Kunstwerk des Monats im Juni 2014
01. Juni 2014
"Petersburger Hängung" - Eine ungewohnte Sicht
Vorgestellt von: Dietrich Meyerhöfer
Anlässlich einer kleinen Umgestaltung der Gemäldesammlung und der Idee, dass nach längerer Zeit wieder mehr niederländische Gemälde des 16. und 17.Jahrhunderts der Öffentlichkeit präsentiert werden sollen, kam die Idee auf, die Bilder in der sogenannten Petersburger Hängung zu zeigen. Dabei werden die Gemälde eng neben und übereinander gehängt.
Diese Art der Präsentation ist für den heutigen Betrachter ungewöhnlich bis verstörend. Sind wir es doch gewohnt, Kunstwerke möglichst einzeln zu betrachten.
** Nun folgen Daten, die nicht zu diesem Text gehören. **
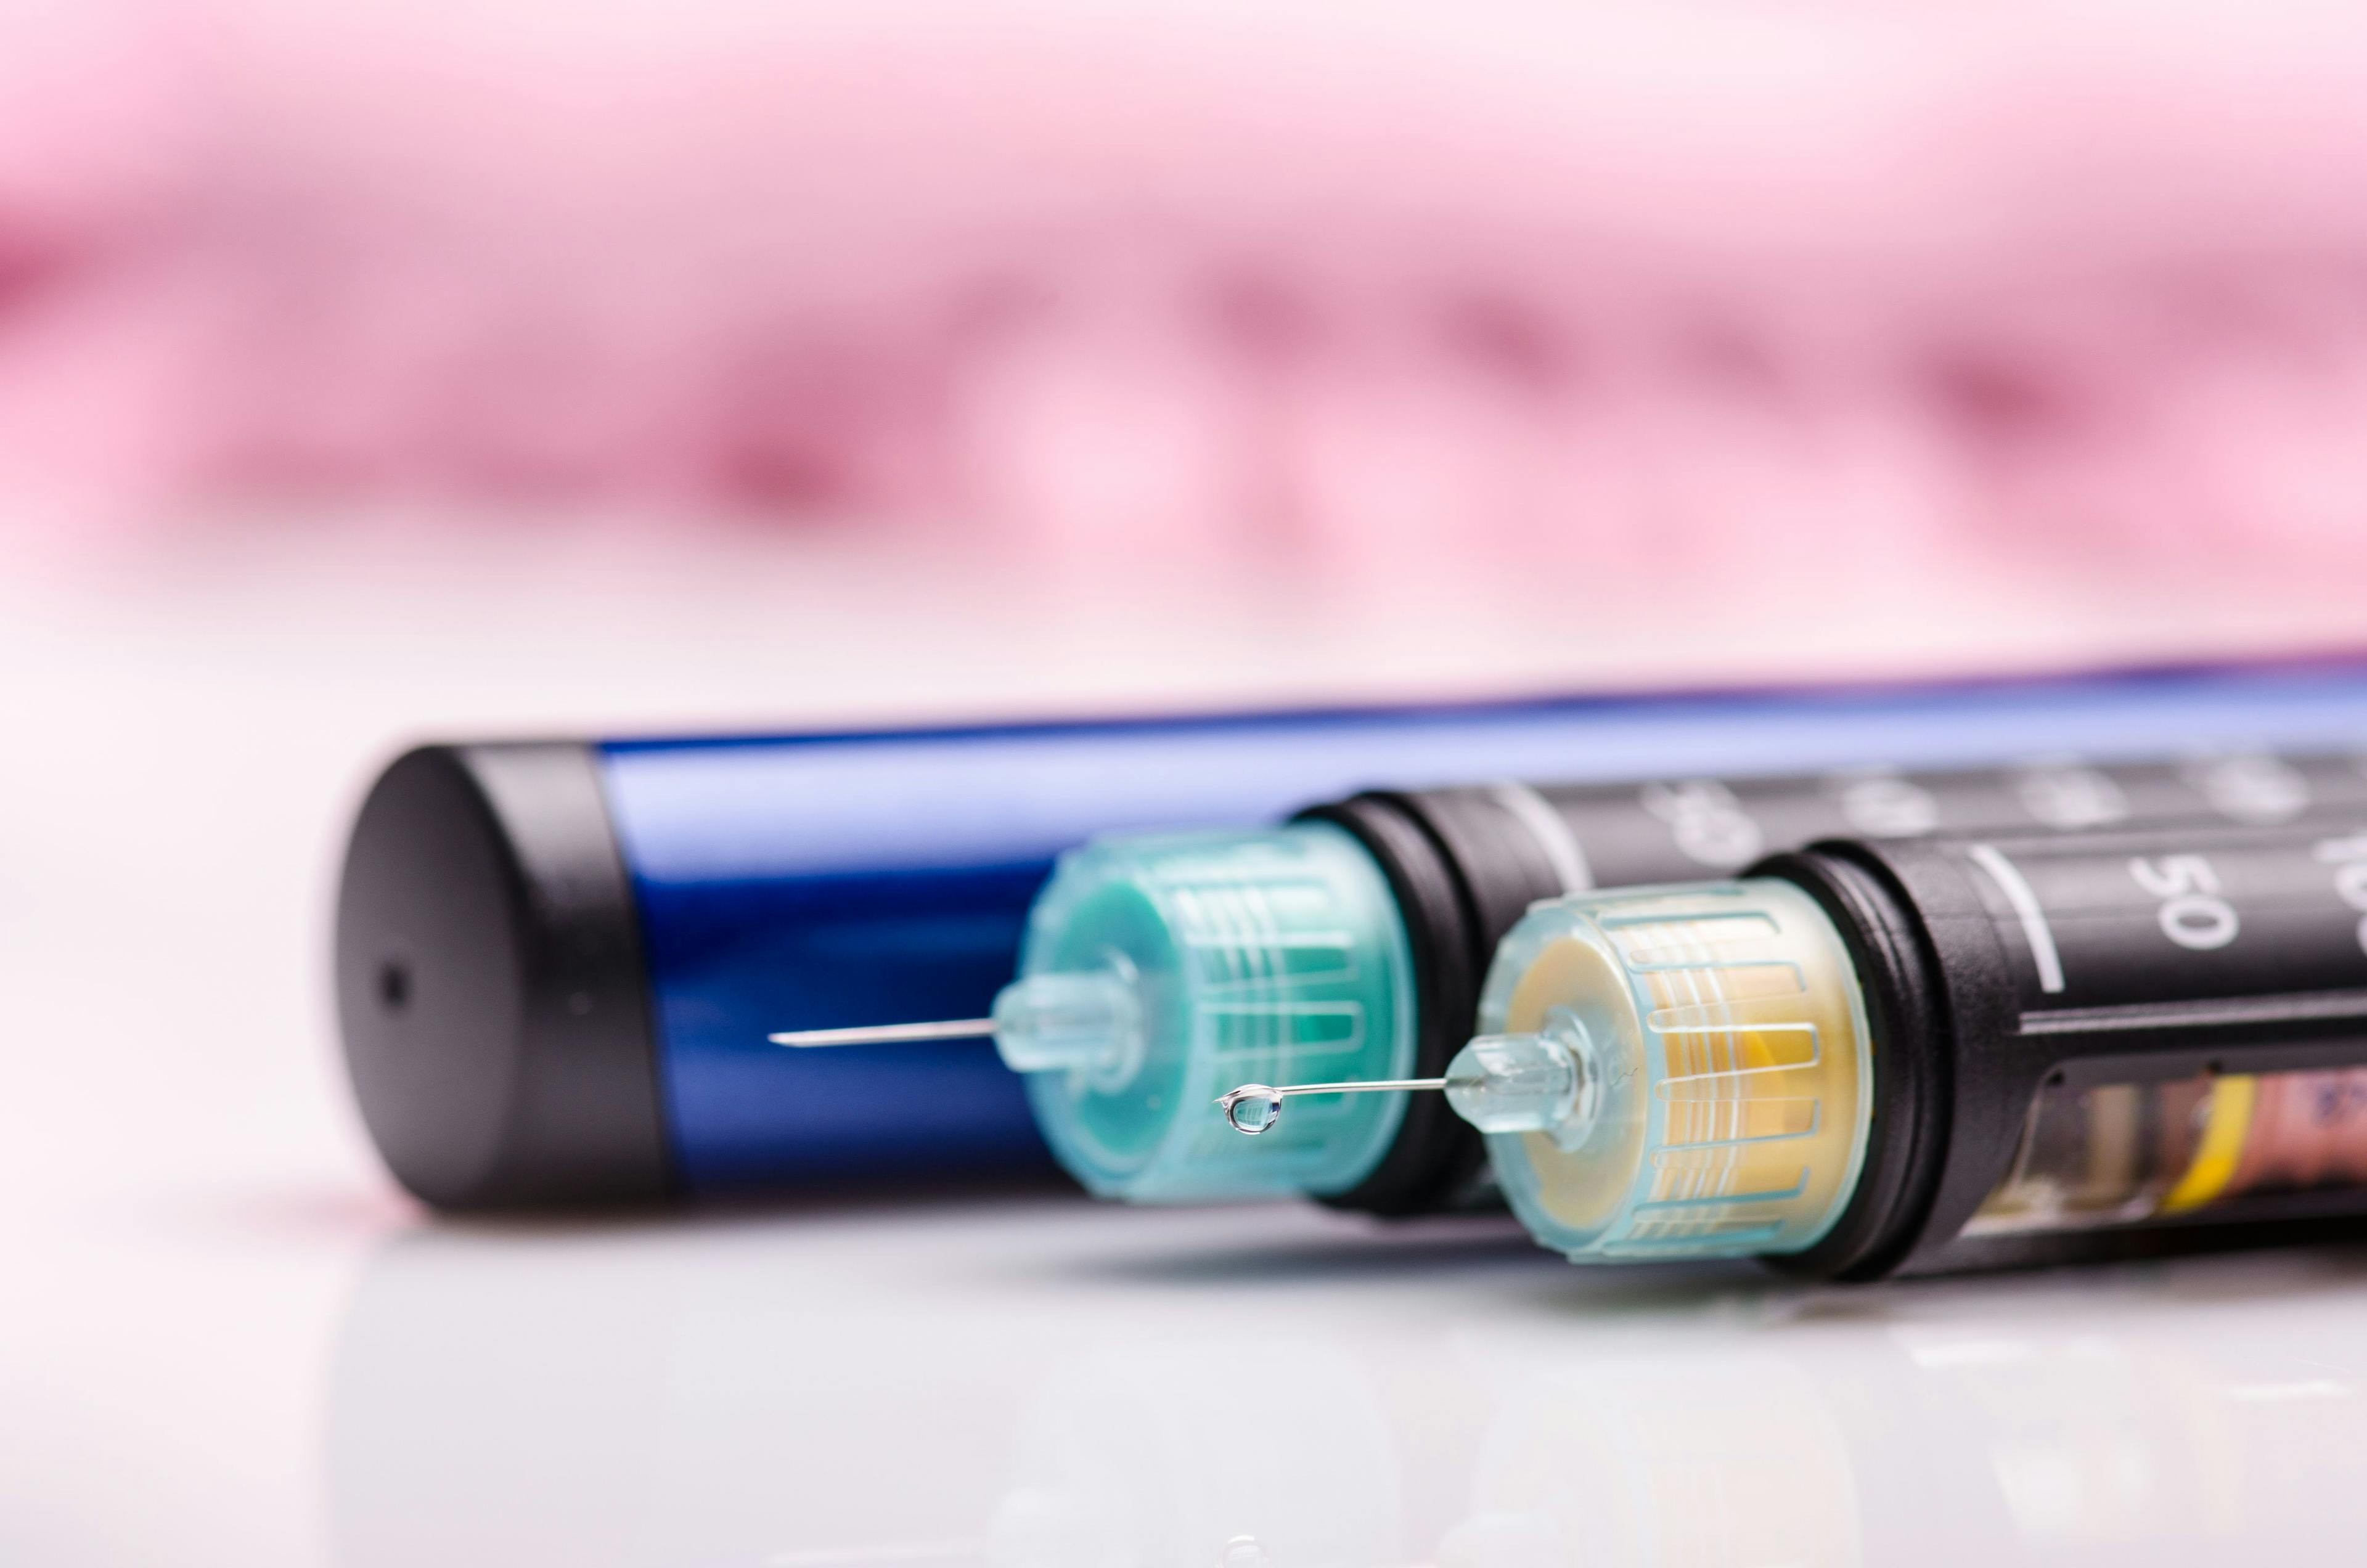 FDA Approves Insulin Glargine-yfgn as First Interchangeable Biosimilar Insulin Product for Diabetes

Wie hat sich Gemäldehängung historisch entwickelt? Der eigene Typus einer Gemäldegalerie entwickelte sich erst im 17. Jahrhundert aus den Kunst- und Wunderkammern heraus. In diesen wurden neben Artefakten von Menschenhand wie Skulpturen, Arbeiten auf Papier und Gemälden besonders Gegenstände der Natur zusammengetragen, z. B. Muscheln, Steine, getrocknete Pflanzen und Vogelfedern. Sowohl Arteficialia als auch Natuaralia standen sich in diesen Kammern gleichberechtigt gegenüber, wie auch im "Königlichen Academischen Museum" der Georgia Augusta, das 1773 gegründet worden war.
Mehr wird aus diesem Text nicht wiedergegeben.